Но, с другой стороны, заявить больному: «Думаю, вам две недели мучиться осталось, месяц от силы», — высший ли гуманизм? Он все свои нехитрые дела в порядок приведет за два дня. И на третий помрет от нервов, а мог бы жить и жить.
А я скажу чувачку: «Плюньте вы на статистику, дорогой, на время доживания и на все эти хреновы проценты, оставьте их моим бывшим яйцеголовым собратьям. Подумайте: вы один из миллионов заболевших. И десять процентов уцелевших — сотни тысяч виннеров. Соберитесь, мыслите конструктивно, от вашего настроя зависит почти всё, да я вас завалю свидетельствами устойчивого выздоровления безнадежных только в одном нашем госпитале, он же лучший в мире, еще три, от силы пять лет — и это говно, как грипп, лечить будут. Я чувствую вашу решимость, вижу блеск в ваших глазах, я уверен: вы — сможете!
Ну — кидайте в меня свои камни, принципиальные мои.
Я стихийно понял, чего хочу, и ради цели готов наплевать на нестерильные средства, правда, чуть-чуть побаивался, особенно в последнее время, что мои дела могут на весах испытать. И пусть сейчас я гружу левую чашу своими грехами, посмотрим, сколько добра окажется на правой в итоге.
А уж после — будь что будет.
…Наконец, решился, вышел в народ. Еще не успел пересечь приют скорби и надежд на первом этаже, услышал негромкое дрожащее: «Доктор». Остановился.
«Что мне делать, сэр?
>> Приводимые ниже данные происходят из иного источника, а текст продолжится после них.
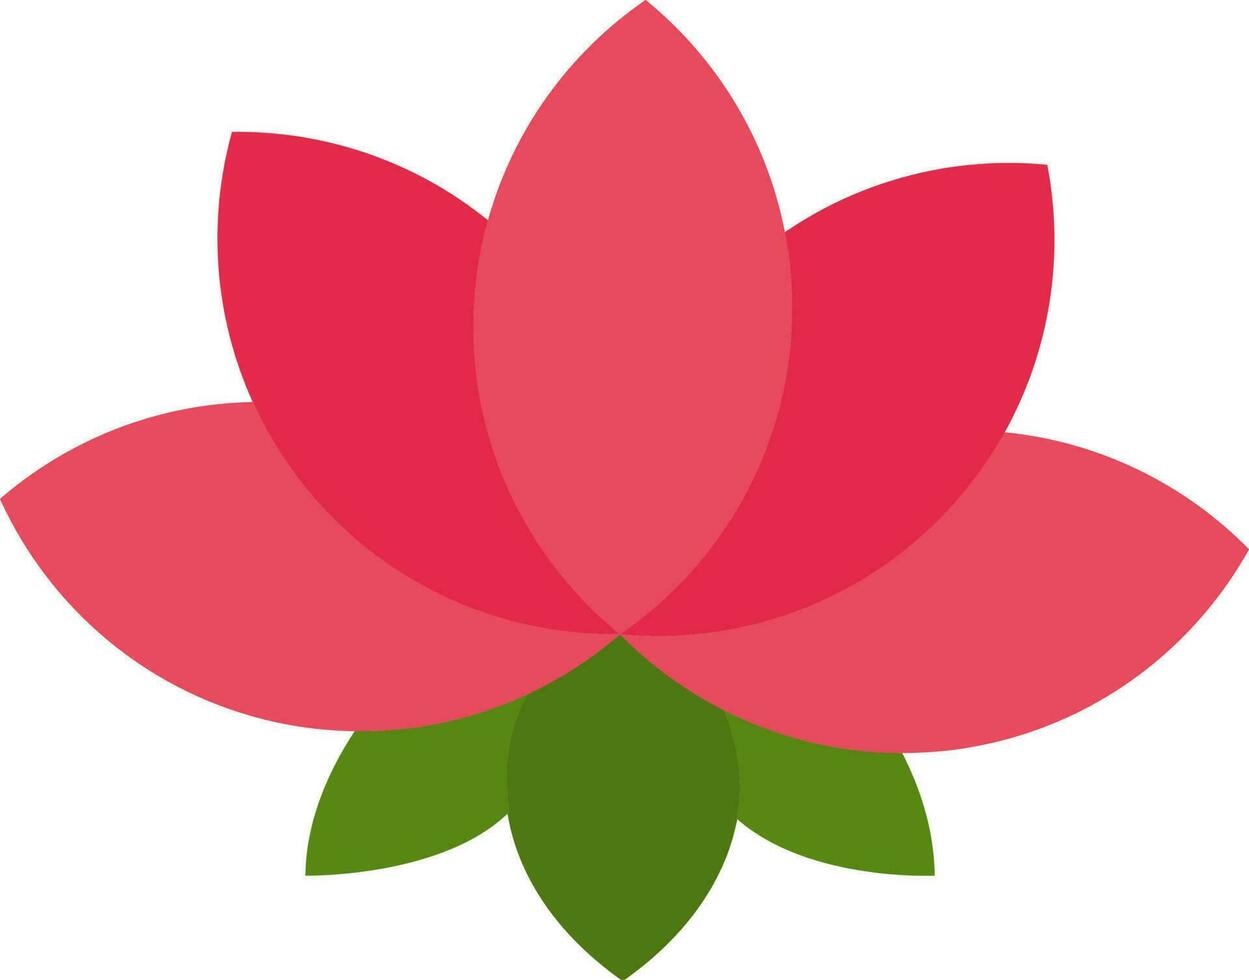 Red Lotus Flower Flat Icon Or Symbol. vector

Она сейчас умирает в операционной».
Шепчу пожилой леди почти на ухо: «Давайте отойдем чуть-чуть, мэм, не будем никого расстраивать».
Двинулась за мной будто слепая, сели в укромном уголке: «Старшая сестра, доктор, родителей давно похоронили, две старые одинокие девы. И вдруг такой диагноз. Не могу с этим смириться, не знаю, что делать дальше, броситься в Гудзон с моста? — я оттуда вниз глядеть боюсь», — видно, что с трудом себя сдерживает.
Говорю как можно мягче: «Попытайтесь настроиться более позитивно, дорогая, не торопите событий, третье тысячелетие на дворе, вашу сестру лечат выдающиеся врачи, здесь никому не позволят уйти даже по собственному желанию, давайте дождемся результатов».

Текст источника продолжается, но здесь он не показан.